***** Data excerpt

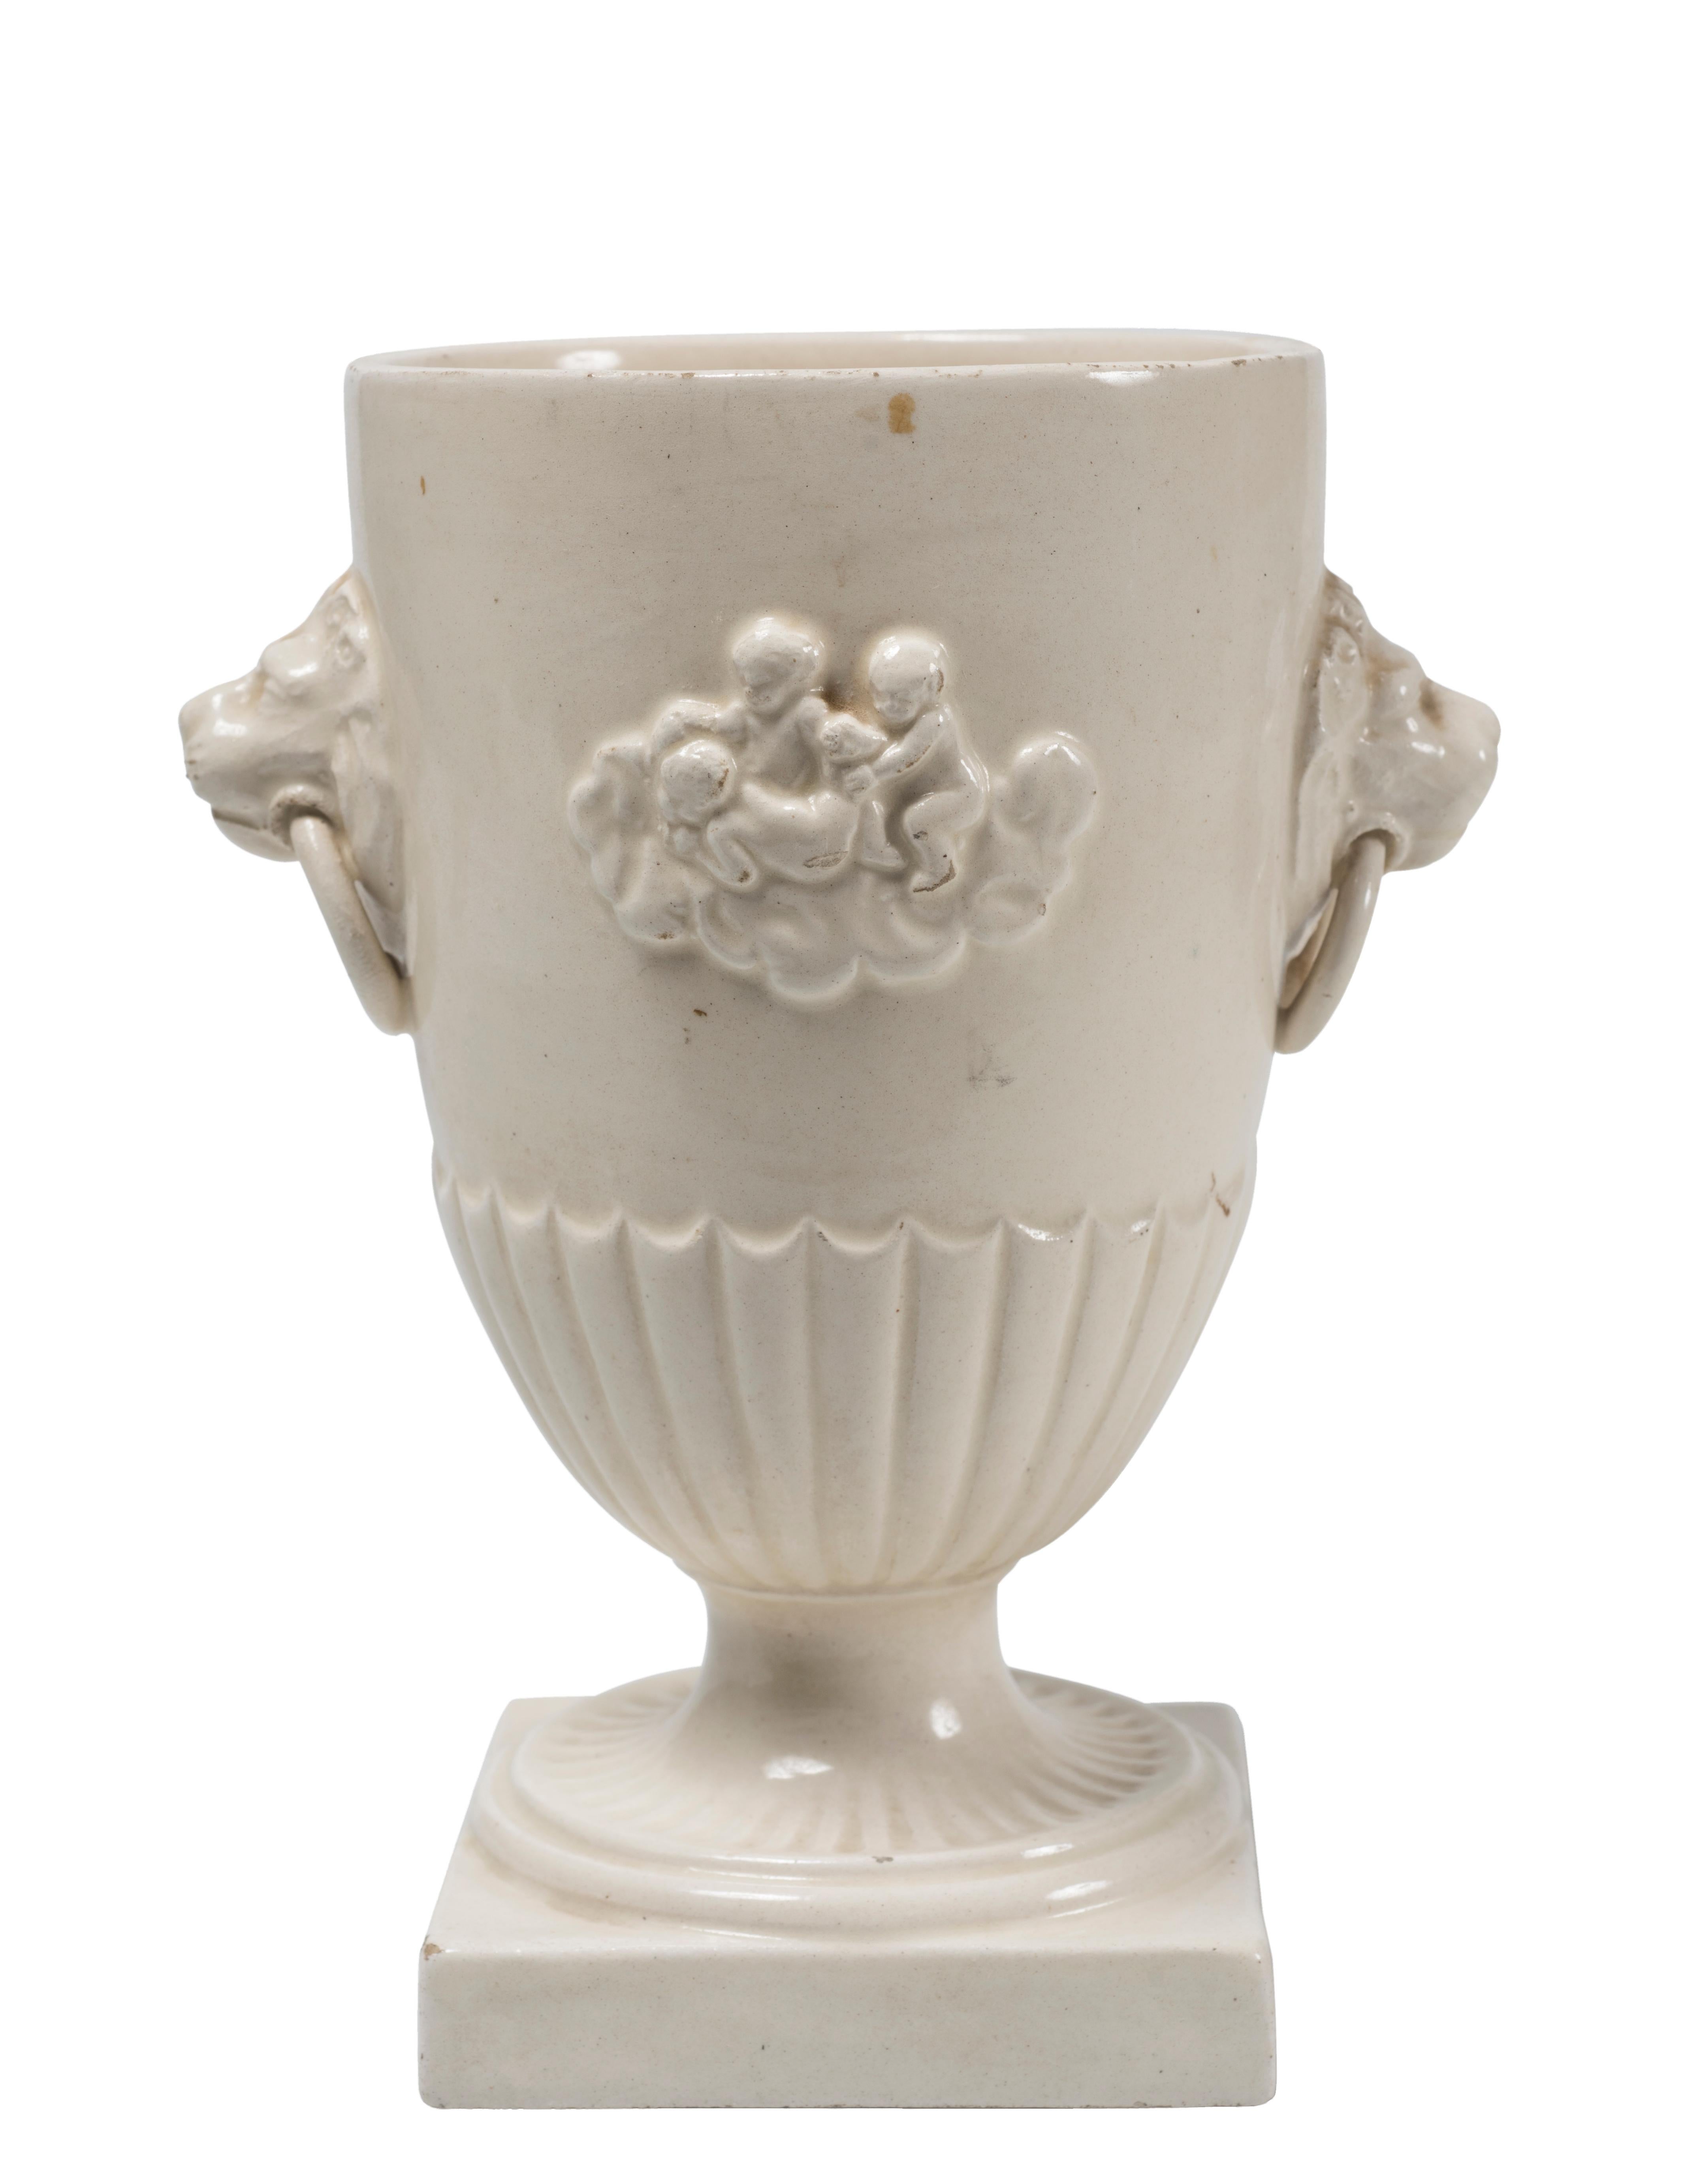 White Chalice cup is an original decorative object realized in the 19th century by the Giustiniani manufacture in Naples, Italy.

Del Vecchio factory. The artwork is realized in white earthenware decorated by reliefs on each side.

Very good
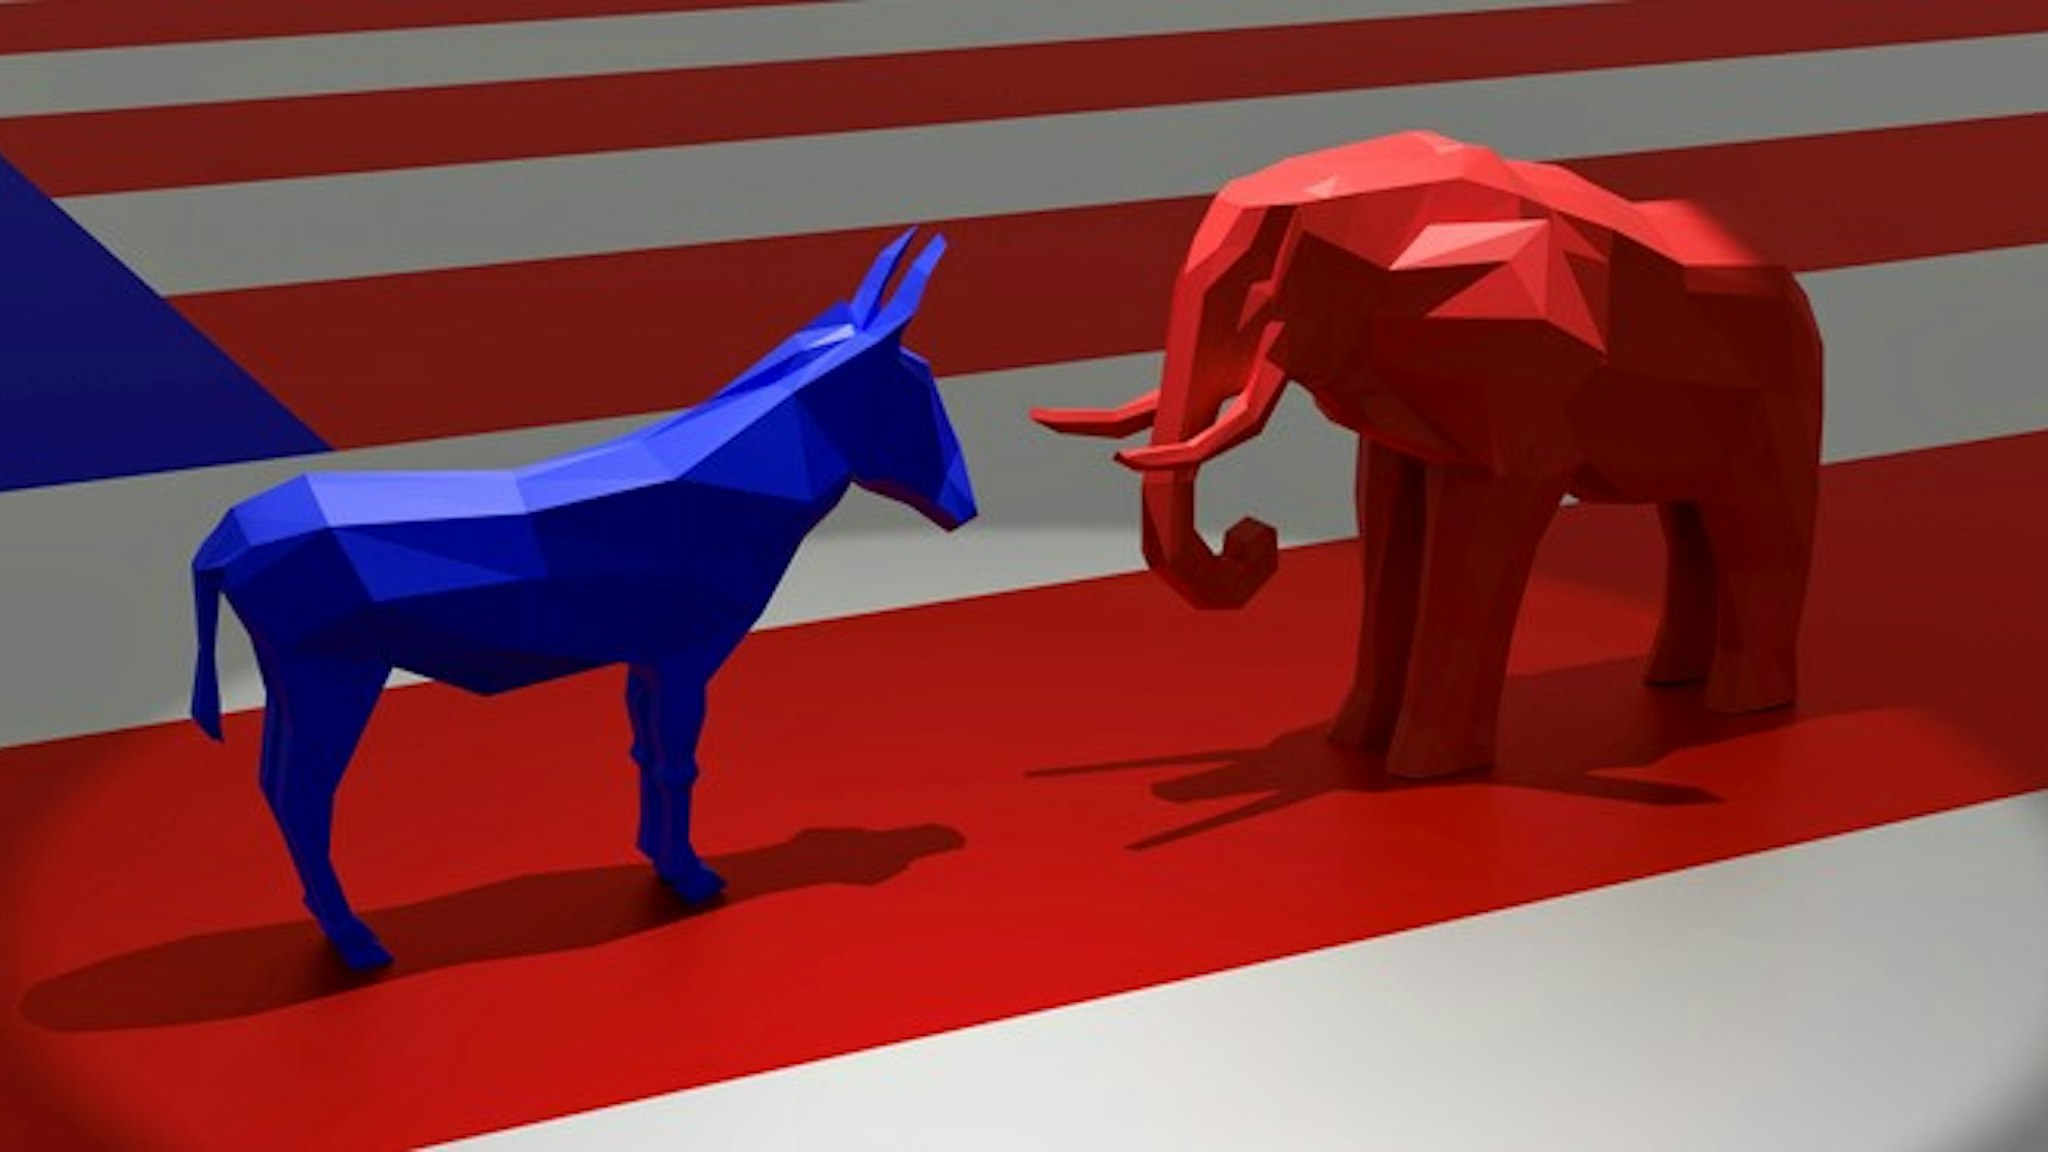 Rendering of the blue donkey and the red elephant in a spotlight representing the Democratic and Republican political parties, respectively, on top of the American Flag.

**********

The problem: Starting at the line that contains "Del Vecchio factory.", transcribe every line through the end of the listing exactly, including both end lines and excluding pictures.

Completed task:
Del Vecchio factory. The artwork is realized in white earthenware decorated by reliefs on each side.

Very good
 Rendering of the blue donkey and the red elephant in a spotlight representing the Democratic and Republican political parties, respectively, on top of the American Flag.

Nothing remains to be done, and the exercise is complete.